À Ravenne, où fut l’Occident, un oiseau tombe foudroyé pour avoir empenné d’un vol les bas brouillards de l’industrie
Que pèsera cet oiseau mort contre un quotidien difficile ?
Le siècle use de ses pouvoirs, emploie le poison et le fer
Tels des tyrans de bas empire, nous souillons en l’escaladant le trône courbe de la terre
Et qui préférerait Byzance au ciment du prolétariat ?
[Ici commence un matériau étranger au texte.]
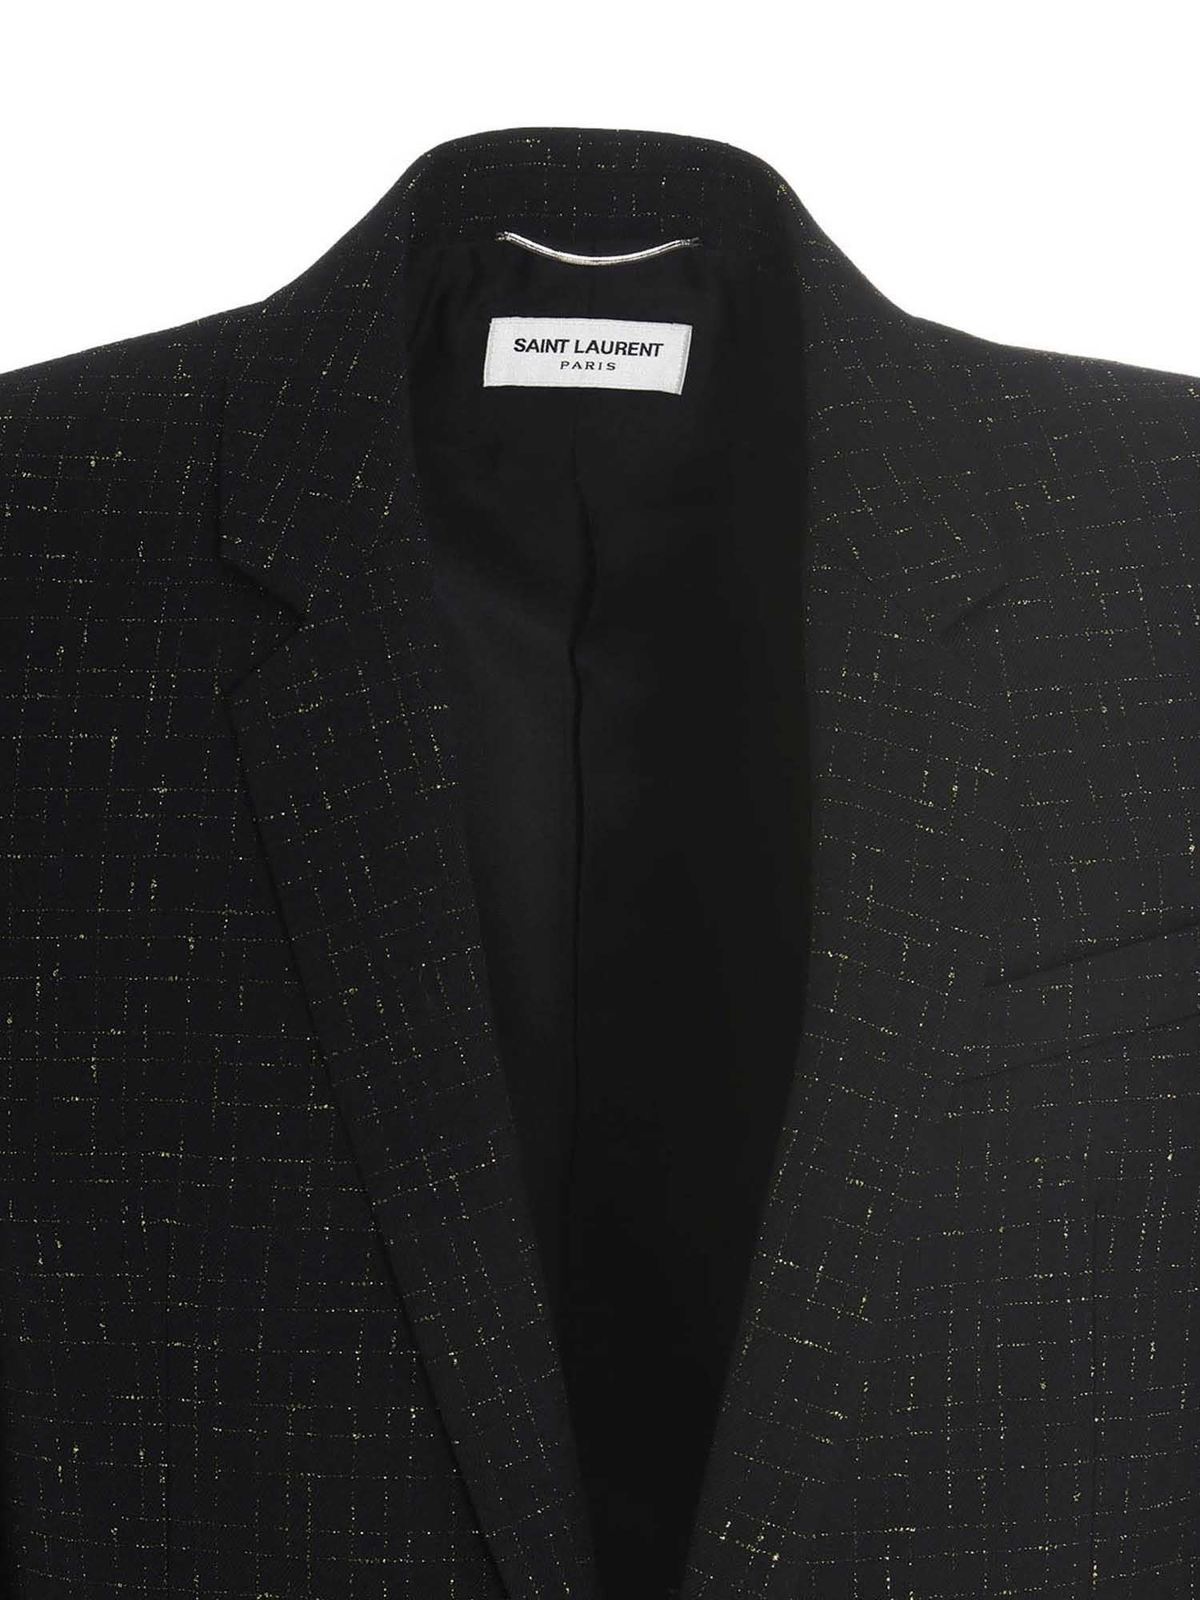 Blazers Saint Laurent - Serge blazer in black lamé - 630749Y1B081055
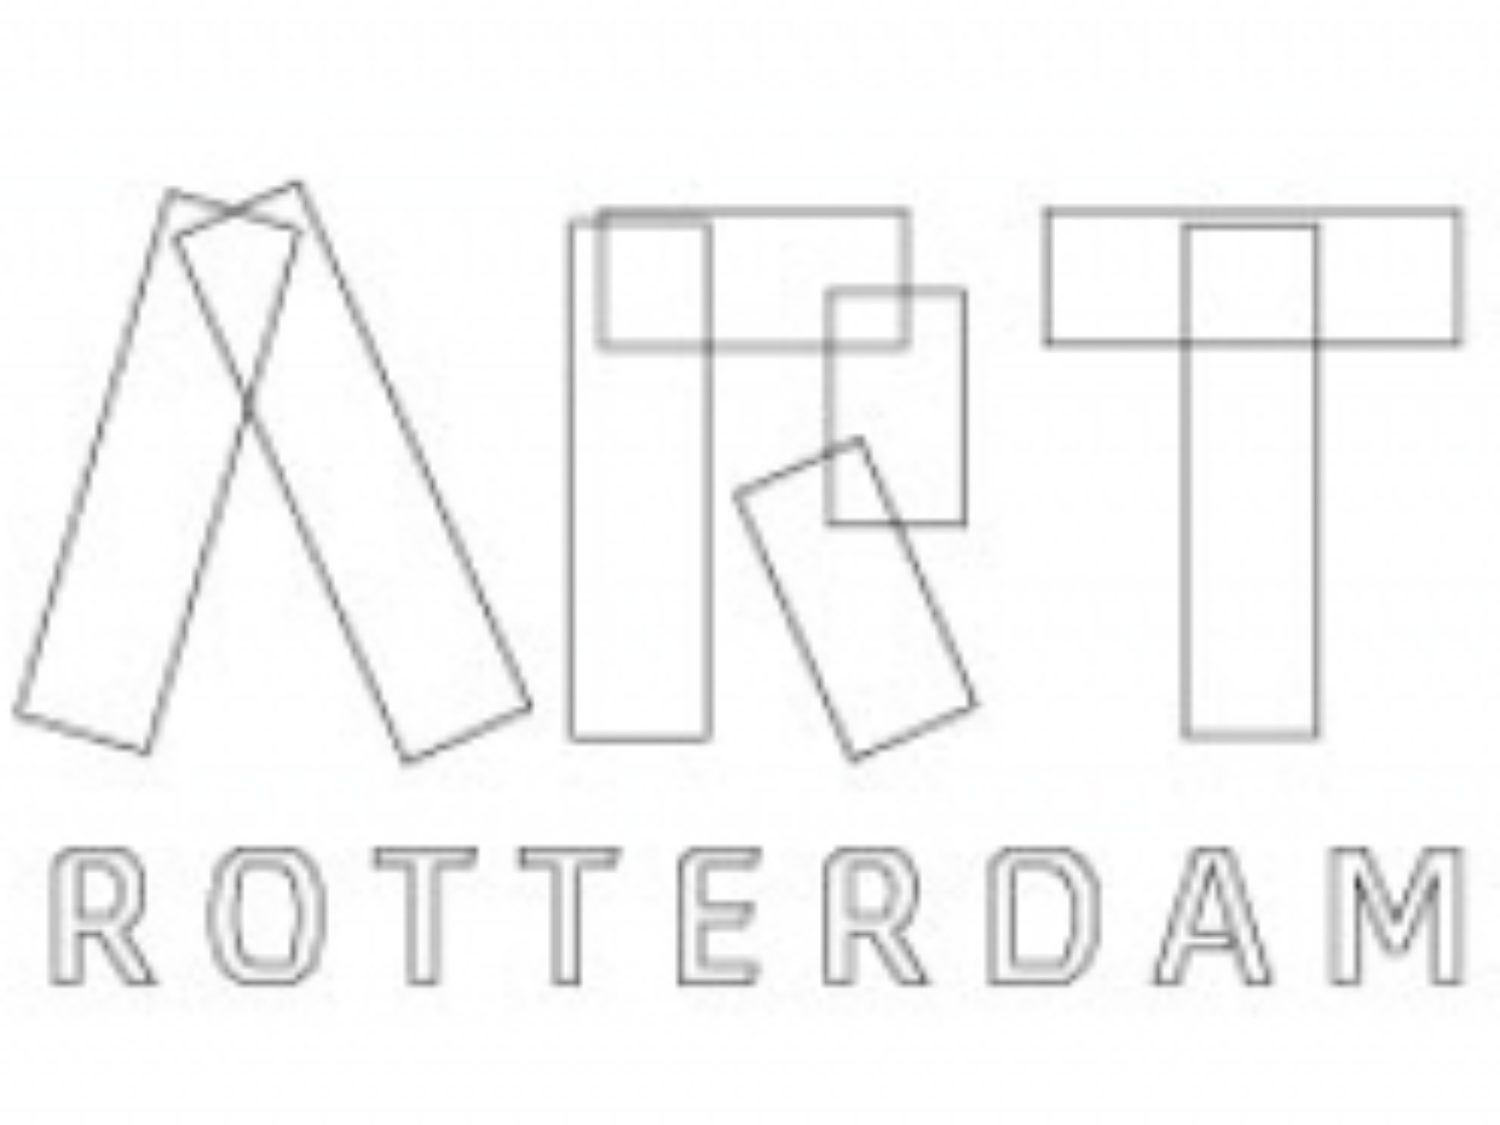 TENT during Art Rotterdam

L’ombre de la Portinari aux tours de la pétrochimie
Ou même Galla Placidia aux lyres de la haute tension ?
Le règne est déjà révolu de la beauté au fin visage
Beauté payée de coups de fouet, de crachats, de hontes d’esclaves.
Notre époque a des jets d’acier mais ses machines, quelquefois, ont des déhanchements superbes
La misère souille l’été : enfants maigres, vos yeux de faons nourrissant l’essaim bleu des mouches
Les toxines épaissies dans l’air font obstacle au vent des forêts.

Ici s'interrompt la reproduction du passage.